SUPPLIED MATERIAL:
....

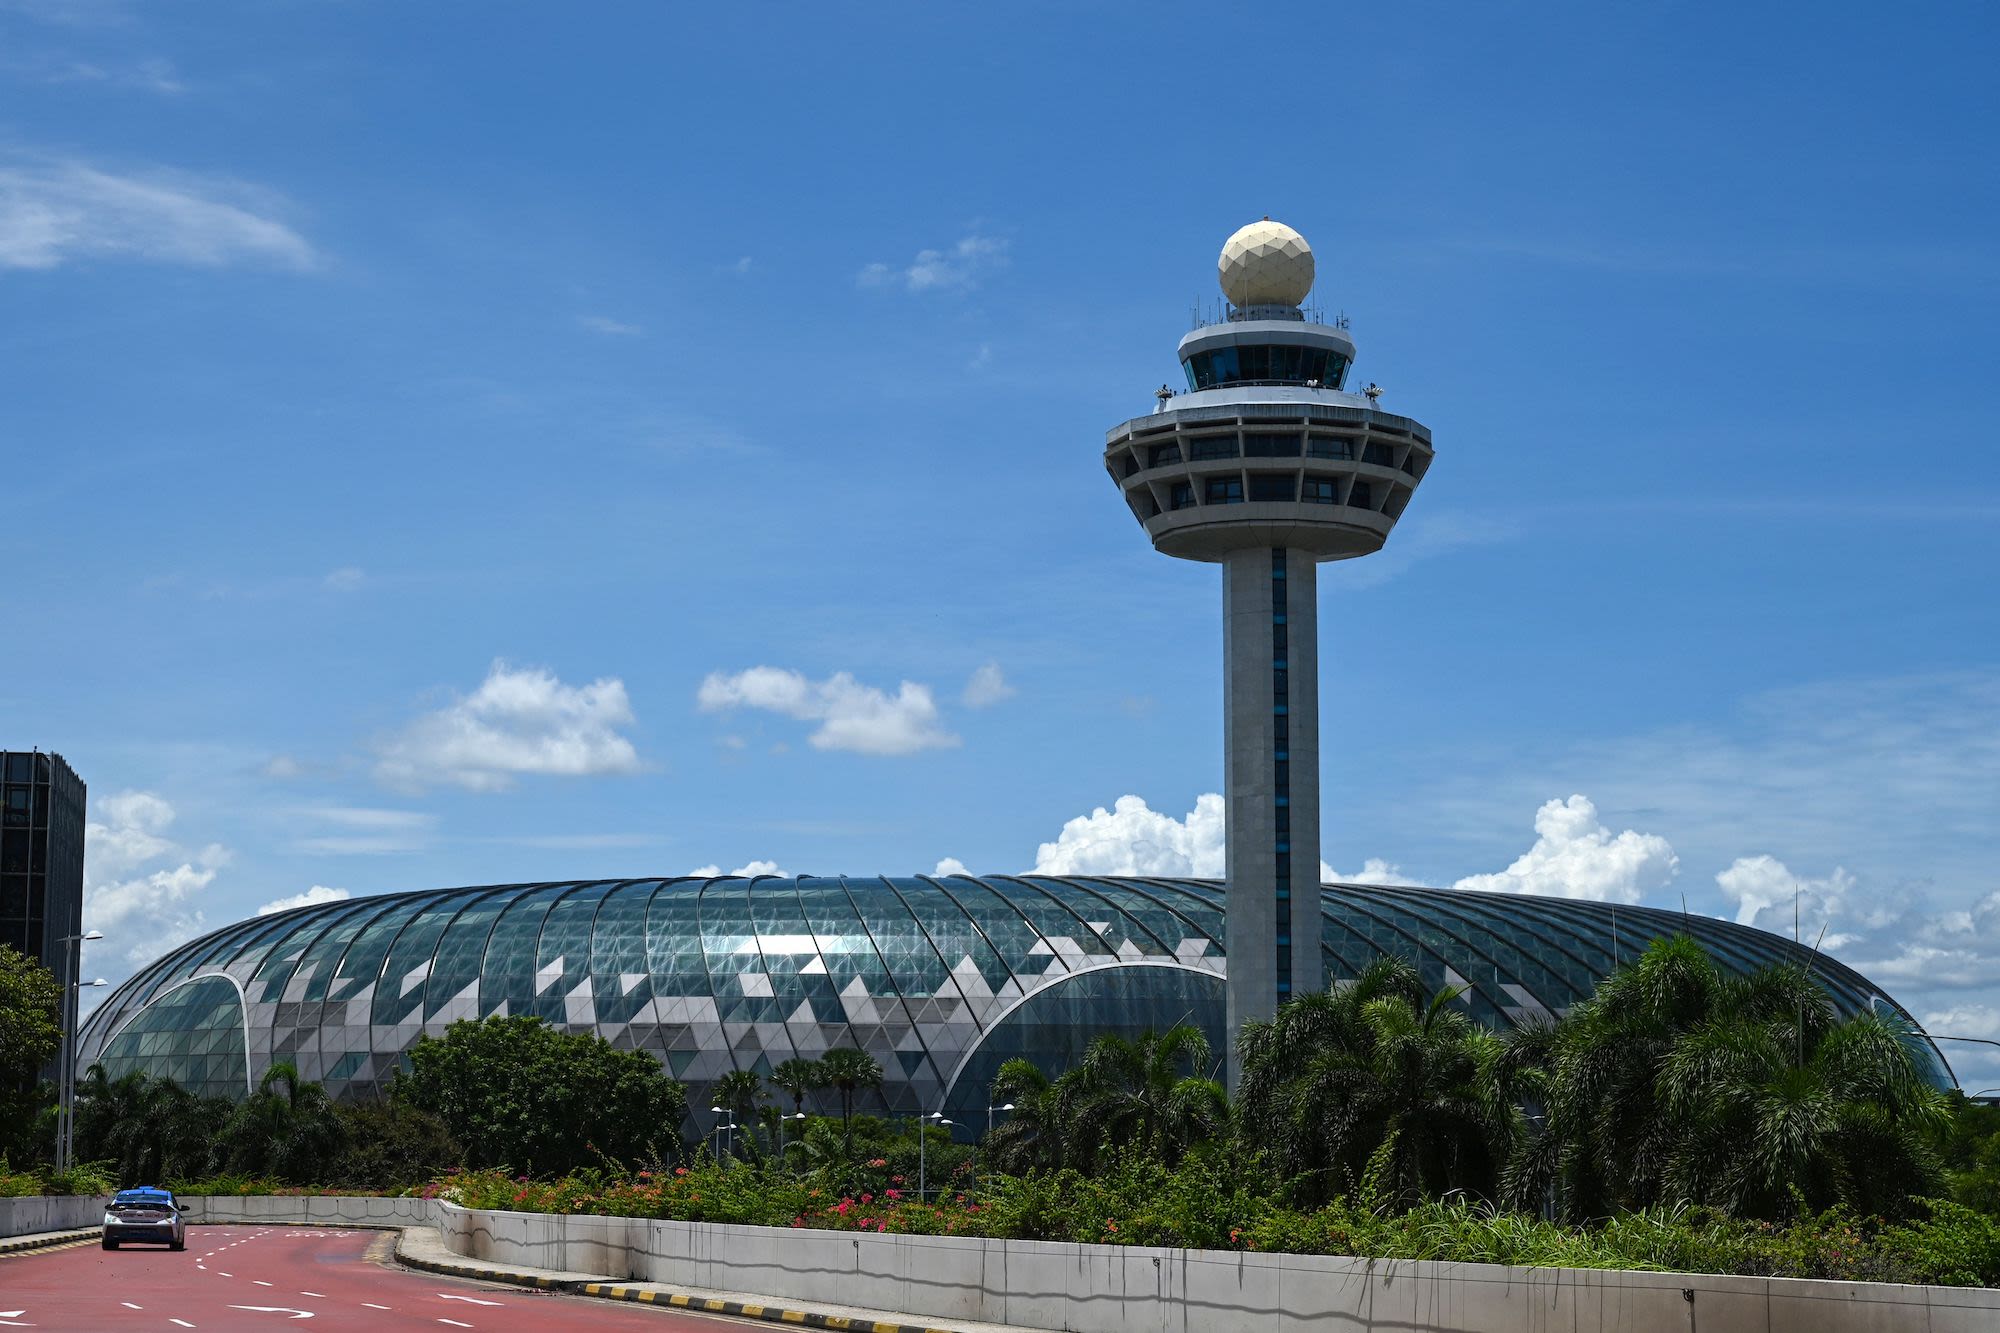 More automated systems, new dining options at Singapore's Changi Airport  Terminal 2 - CNA
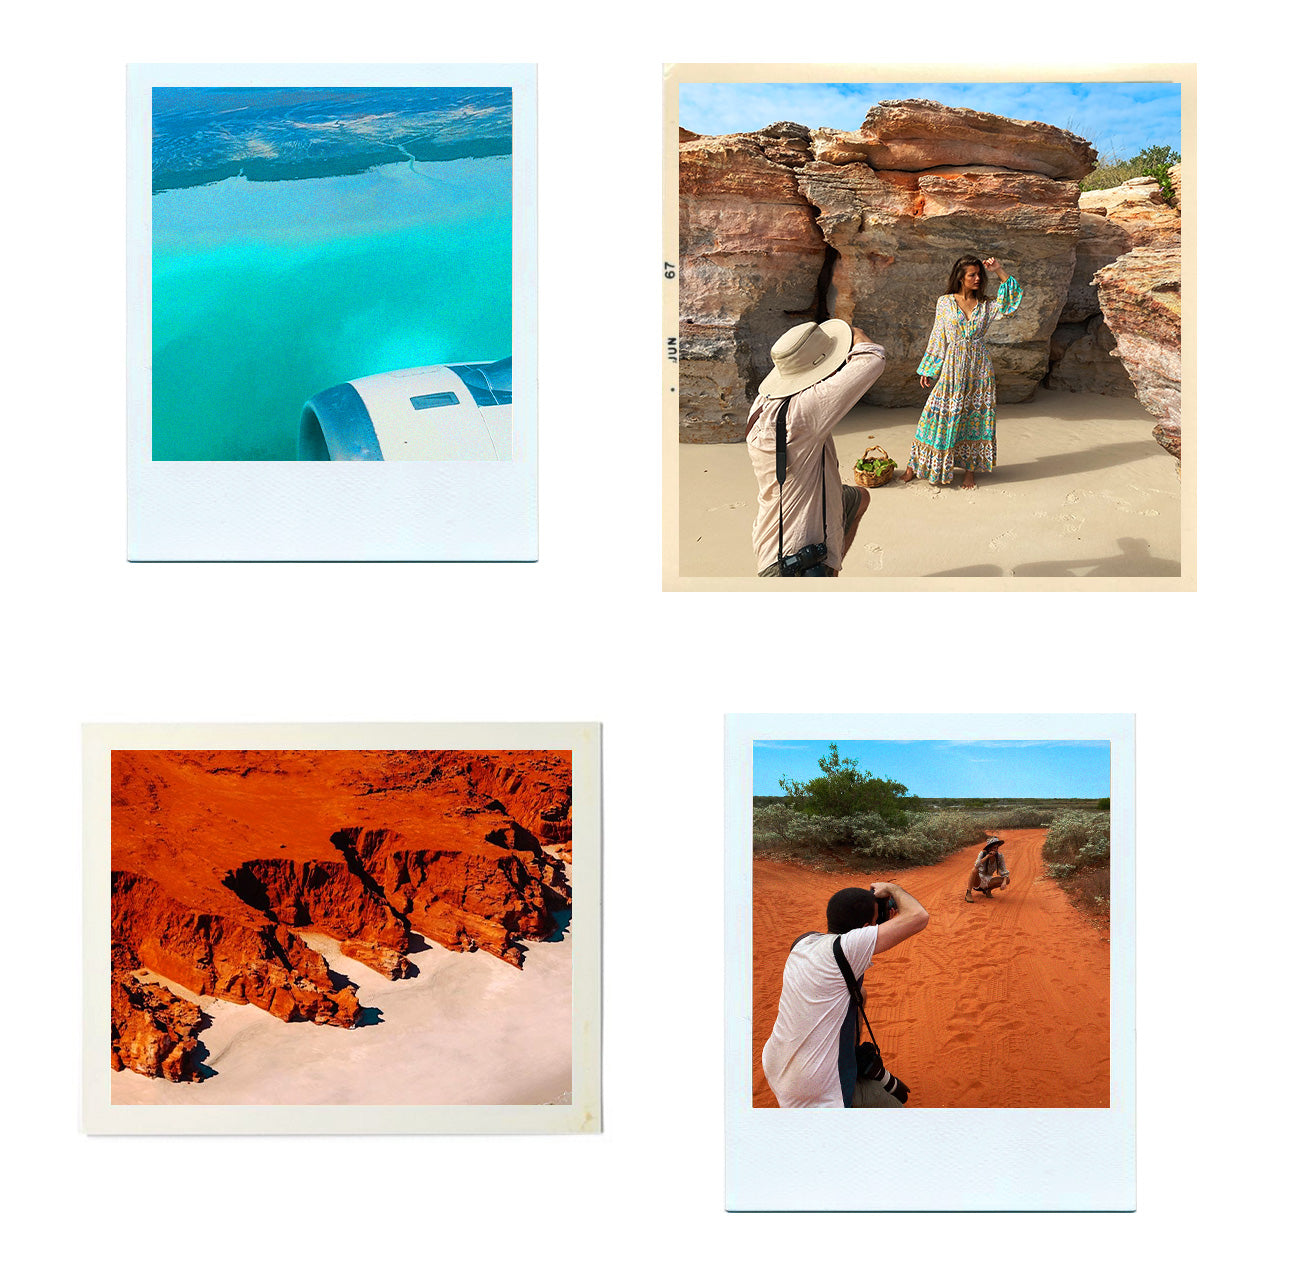 The Arnhem Team travelled to Cape Leveque in WA to shoot the Forget Me Not Campaign
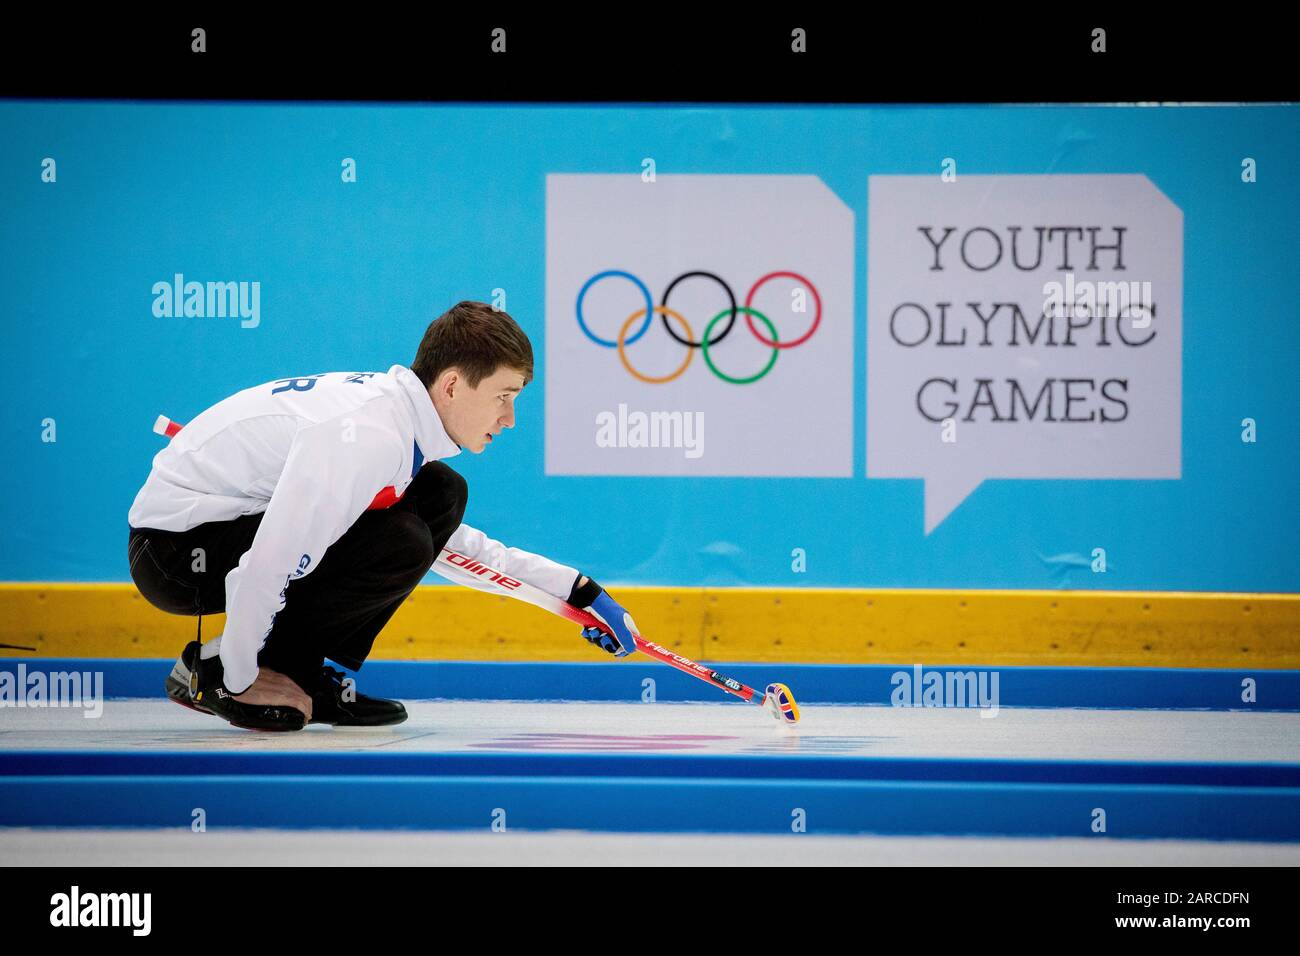 Team GB’s Ross Craik (15) in the curling mixed doubles with teammate Natalie Wiksten (DEN) during the Lausanne 2020 Youth Olympic Games Stock Photo

....

TASK PROMPT:
Copy exactly, and only, the lines from the line containing "The Arnhem Team" through the final line of the material above, with no pictures.

EXERCISE OUTPUT:
 The Arnhem Team travelled to Cape Leveque in WA to shoot the Forget Me Not Campaign
 Team GB’s Ross Craik (15) in the curling mixed doubles with teammate Natalie Wiksten (DEN) during the Lausanne 2020 Youth Olympic Games Stock Photo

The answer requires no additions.